— Две правды слышу я, и каждая сладка… — донеслось в ответ из-за синего полога. — Но один путь у истины, и нет у него развилок…
— О мой супруг! — вскричала надрывно Этуген, кормилица стад.
— О родитель! — воззвал визгливо Сульдэ, колебатель бунчуков.
Но замерли возгласы, погашенные тяжелым током медленной речи:
— Доблесть питает славу, а яростью крепнет доблесть; сочные травы гниют на корню, если некому вывести в раздолье табун… А потому пусть битва решит, чья правда более лжива!
И, вмиг взлетев на спину Борака, чуть тронул пятками скакуна Великий Шаман, подгоняя ближе к рыжебородому; заглянул в ненавистные глубины зеленых глаз.
— Что, Темугэ? — намеренно оскорбляя, хлестнул, как бичом, маленьким именем. — Не кончен еще наш спор?

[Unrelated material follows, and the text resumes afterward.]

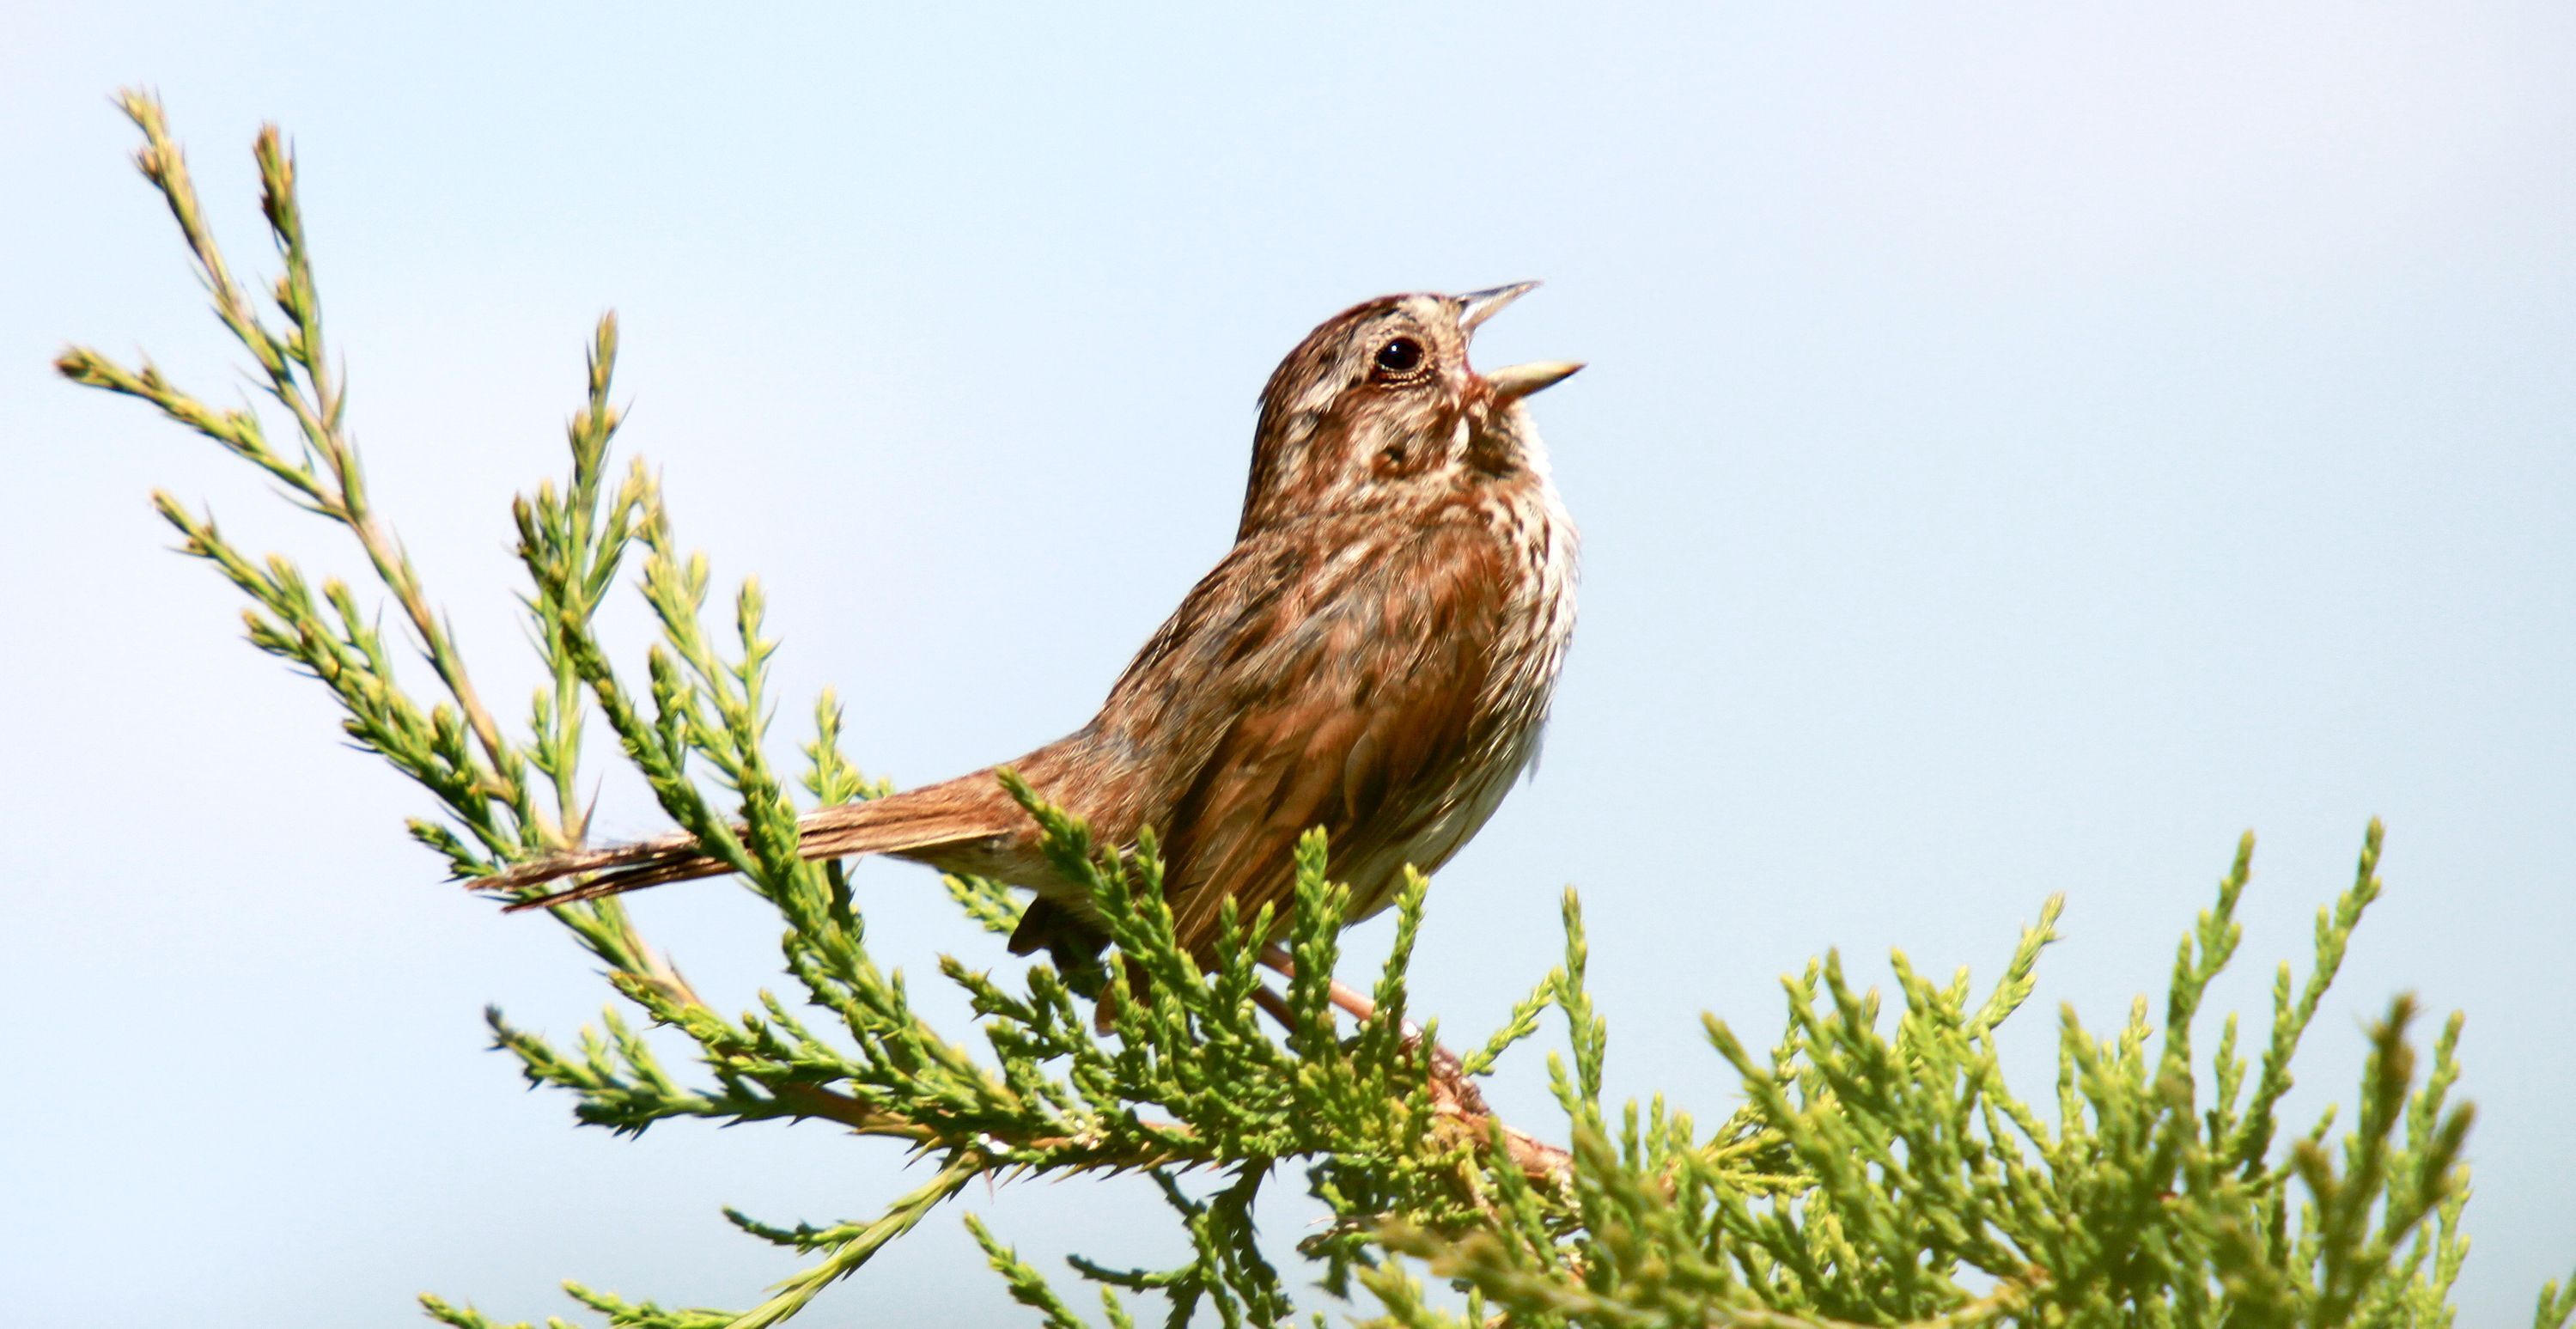 Grab Your Field Guide…Sparrows are Coming!

— Я убью тебя, — почти спокойно ответил хан, — убью снова, как уже убивал, потому что ты всего лишь слово, а я сила; поэтому не стоит нам медлить…
— Э, Темугэ! — хихикнул Великий Шаман. — Ты был прахом степным, и я слепил этот прах своею слюной; лепешку пыли назвал я Чингисом и убедил степь, что лепешка есть хан…
— Защищайся! — теряя лицо, взвизгнул рыжебородый. — И сгинь навсегда!
Он поднял коня на дыбы и обрушил на простоволосую голову Тэб-Тэнгри гулкий, из хлестких ветров скованный меч…
Но присел на задние ноги Борак, обманув зеленоглазого убийцу, прянул в сторону, вспенив гриву, — и ощутил в руке своей Великий Шаман надежную тяжесть сабли, а воздух пахнул чистым дыханьем огня, распавшись в кривом сполохе.
Ветер споткнулся о пламя, и волнами раскатился под сводами первый страшный удар; эхо пугливо улетело прочь и возвратилось, отскакивая от стен, опаленных россыпями зарниц.
— О Сульдэ!
Взметнулся в вихре струящийся плащ, выпуская в помощь духу Покорителя Вселенной неисчислимые воинства зла. Взмахнул рукою Сульдэ, выбросил веером воронки ревущих смерчей — и на крыльях буранного воя ринулись в битву чотгоры, и эльбины, и тотгоры, и тэрэны, и дзагурады, и харьмяханы — и вся прочая нечисть, о которой рассказывают вполголоса старики.
Мертвенно-бледные, многоногие и однорогие, мокрогубые и кровавозубые — неслись они, заунывно рыдая, вытянув когтистые лапы: сбивающие с дороги и отвлекающие с пути, сосущие кровь на закате и выпивающие дыхание на рассвете, предвещающие несчастье и накликающие беду, и вымаривающие скот, и губящие табуны — мчались они, растекаясь лавой, разнообразные и одинаковые, как смерть…
— О Этуген!
Откликаясь на призыв, взмахнула рукавами дэли мать-Земля; широко всплеснулись языки живого шелка, посылая в поддержку Голосу Неба тех, кто встречает и провожает; в шорохе трав и щебете птиц выстраивались рядами светоносные эрдэны и златовласые, алтаны, сайнбатуры и улаандарханы: звенящие в ручьях и поющие в ковыле, бурлящие в казанах и трещащие в очаге, и отгоняющие волков, и оберегающие отары — в солнечном блеске лат, закаленных в кипении радужных лучей, тронулись с места они по мановению белой руки Матери-Этуген, двинулись наперерез наползающей нечисти…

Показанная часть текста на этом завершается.